Isoelectronic perturbations to f-d-electron hybridization and the enhancement of hidden order in URu2Si2

Abstract

Electrical resistivity measurements were performed on single crystals of URu2-xOsxSi2 up to x = 0.28 under hydrostatic pressure up to P = 2 GPa. As the Os concentration, x , is increased, (1) the lattice expands, creating an effective negative chemical pressure Pch(x), (2) the hidden order (HO) phase is enhanced and the system is driven toward a large-moment antiferromagnetic (LMAFM) phase, and (3) less external pressure Pc is required to induce the HO to LMAFM phase transition. We compare the T(x), T(P) phase behavior reported here for the URu2-xOsxSi2 system with previous reports of enhanced HO in URu2Si2 upon tuning with P, or similarly in URu2-xFexSi2 upon tuning with positive Pch(x).
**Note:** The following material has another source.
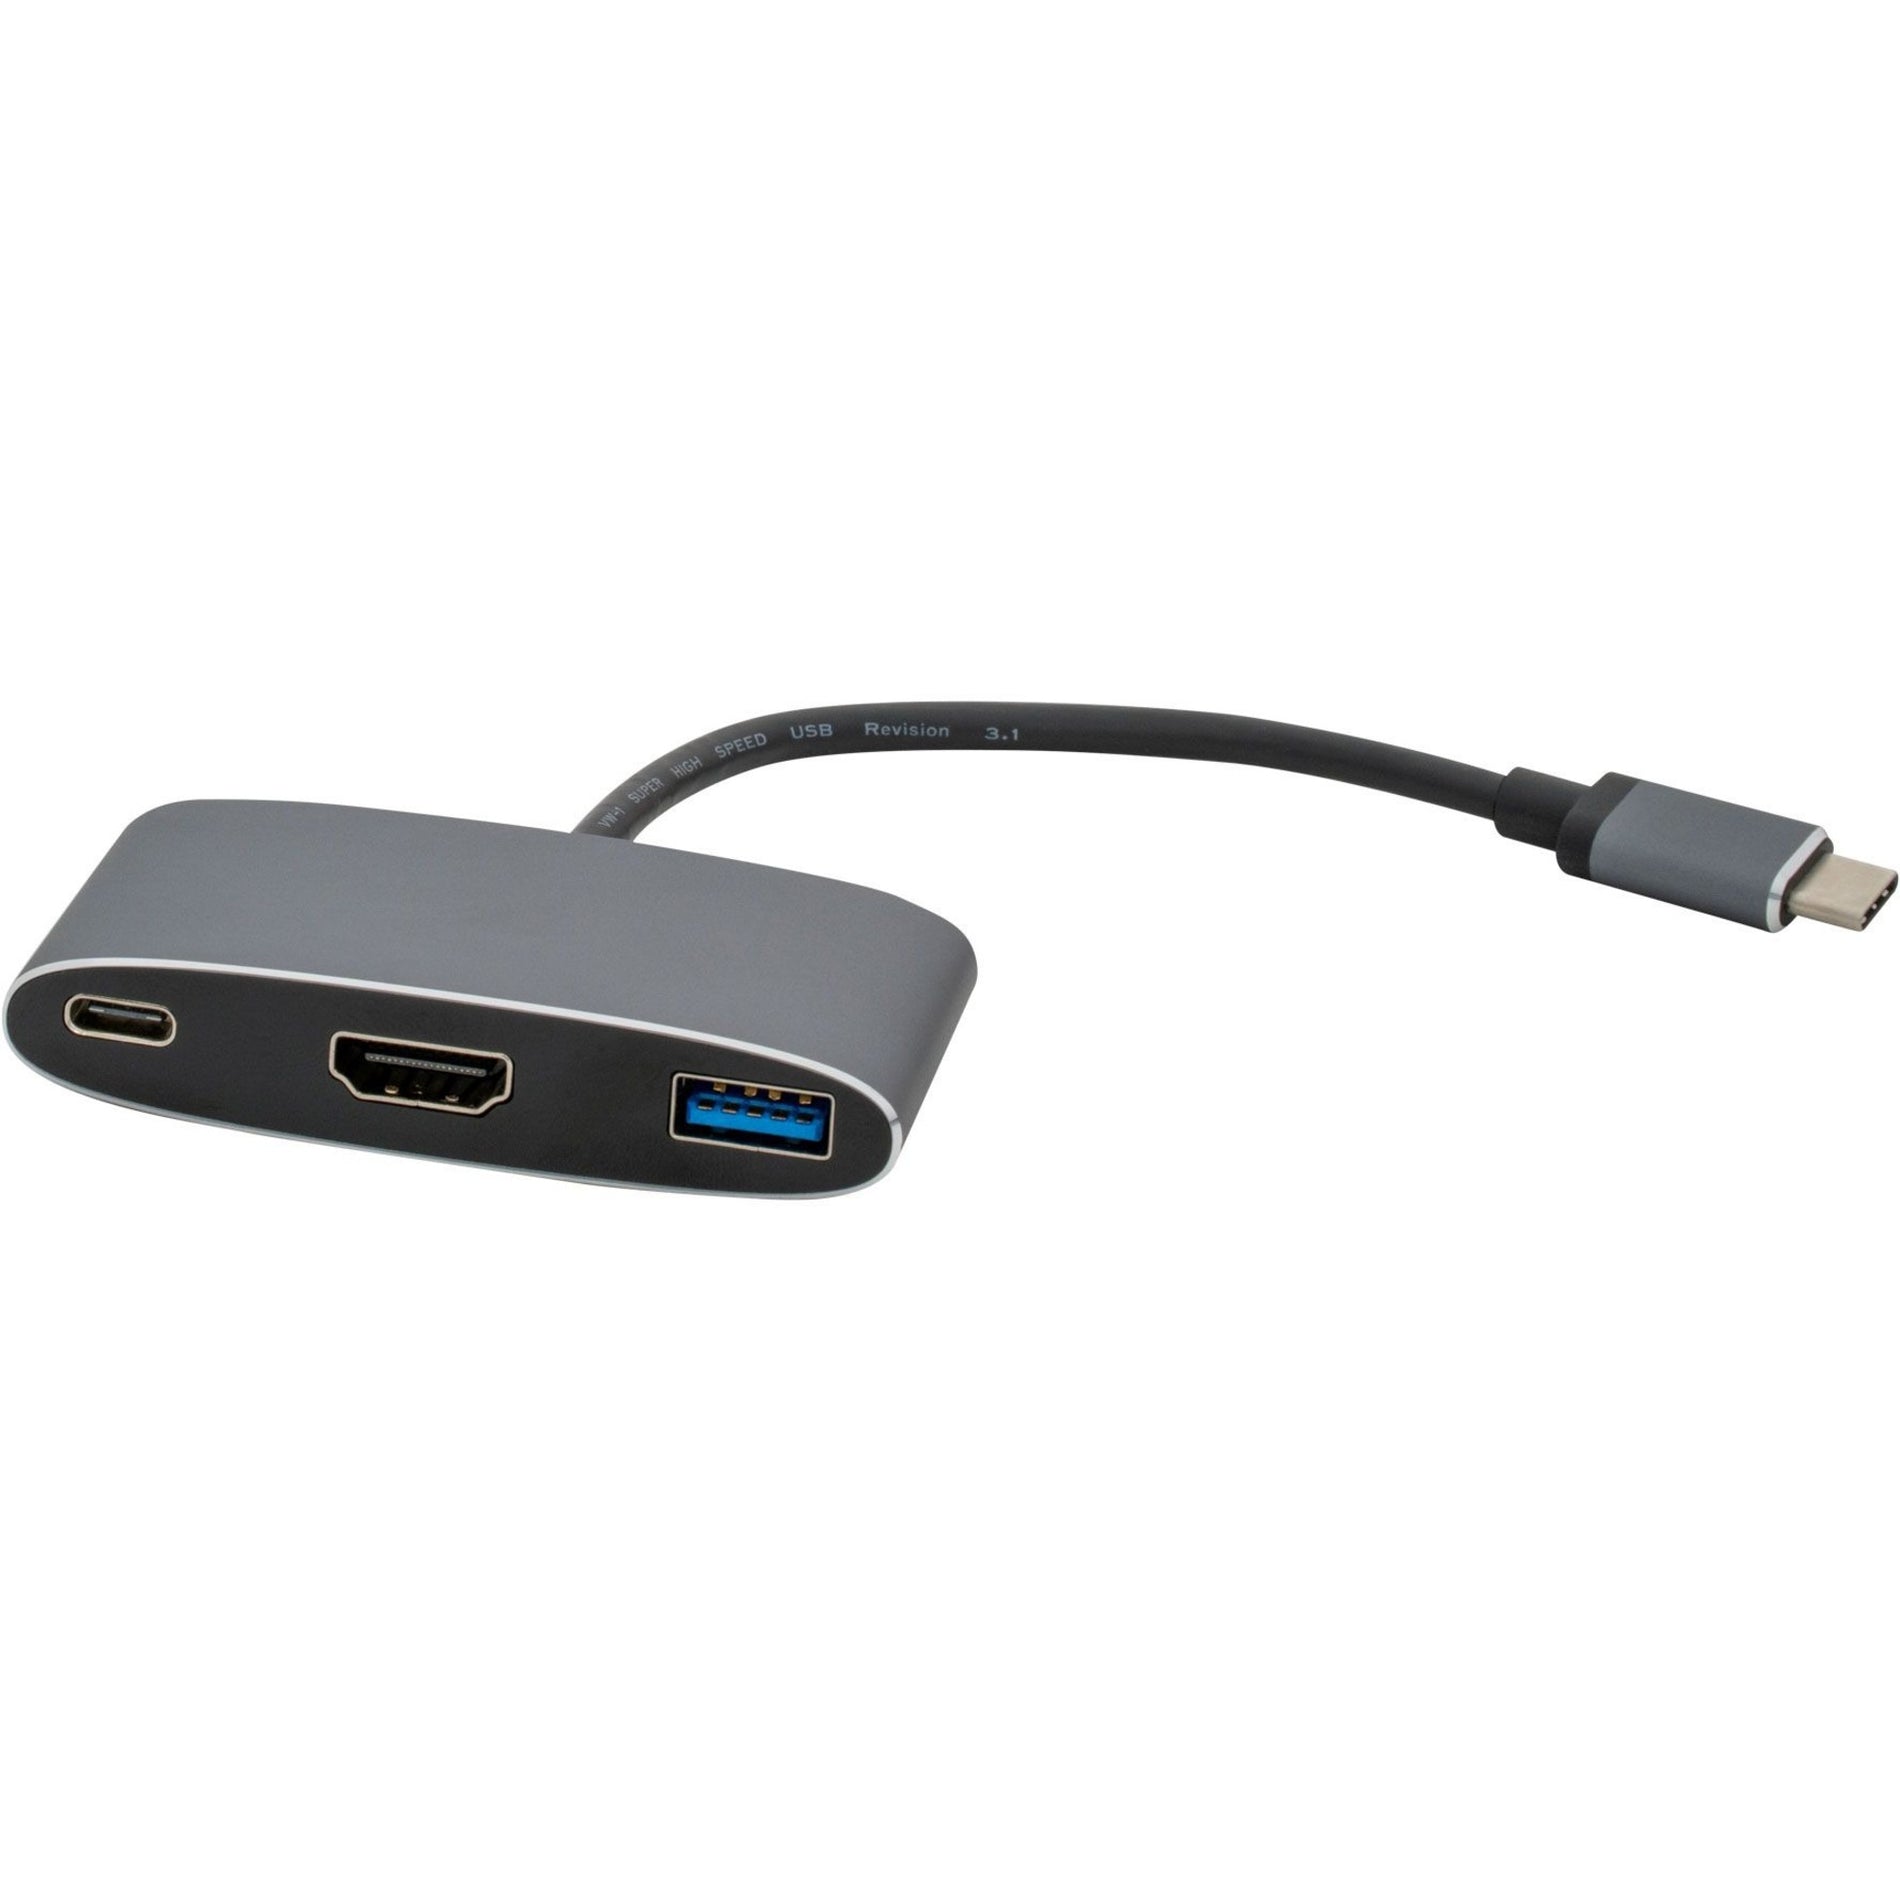 VisionTek 901356 USB-C to HDMI, USB & USB-C with Power Delivery Adapter, Plug and Play, 3840 x 2160 Resolution Supported

It is noted that pressure, Fe substitution, and Os substitution are the only known perturbations that enhance the HO phase and induce the first order transition to the LMAFM phase in URu2Si2. We present a scenario in which the application of pressure or the isoelectronic substitution of Fe and Os ions for Ru results in an increase in the hybridization of the U-5f- and transition metal d-electron states which leads to electronic instability in the paramagnetic phase and a concurrent stability of HO (and LMAFM) in URu2Si2. Calculations in the tight binding approximation are included to determine the strength of hybridization between the U-5f electrons and each of the isoelectronic transition metal d-electron states of Fe, Ru, and Os.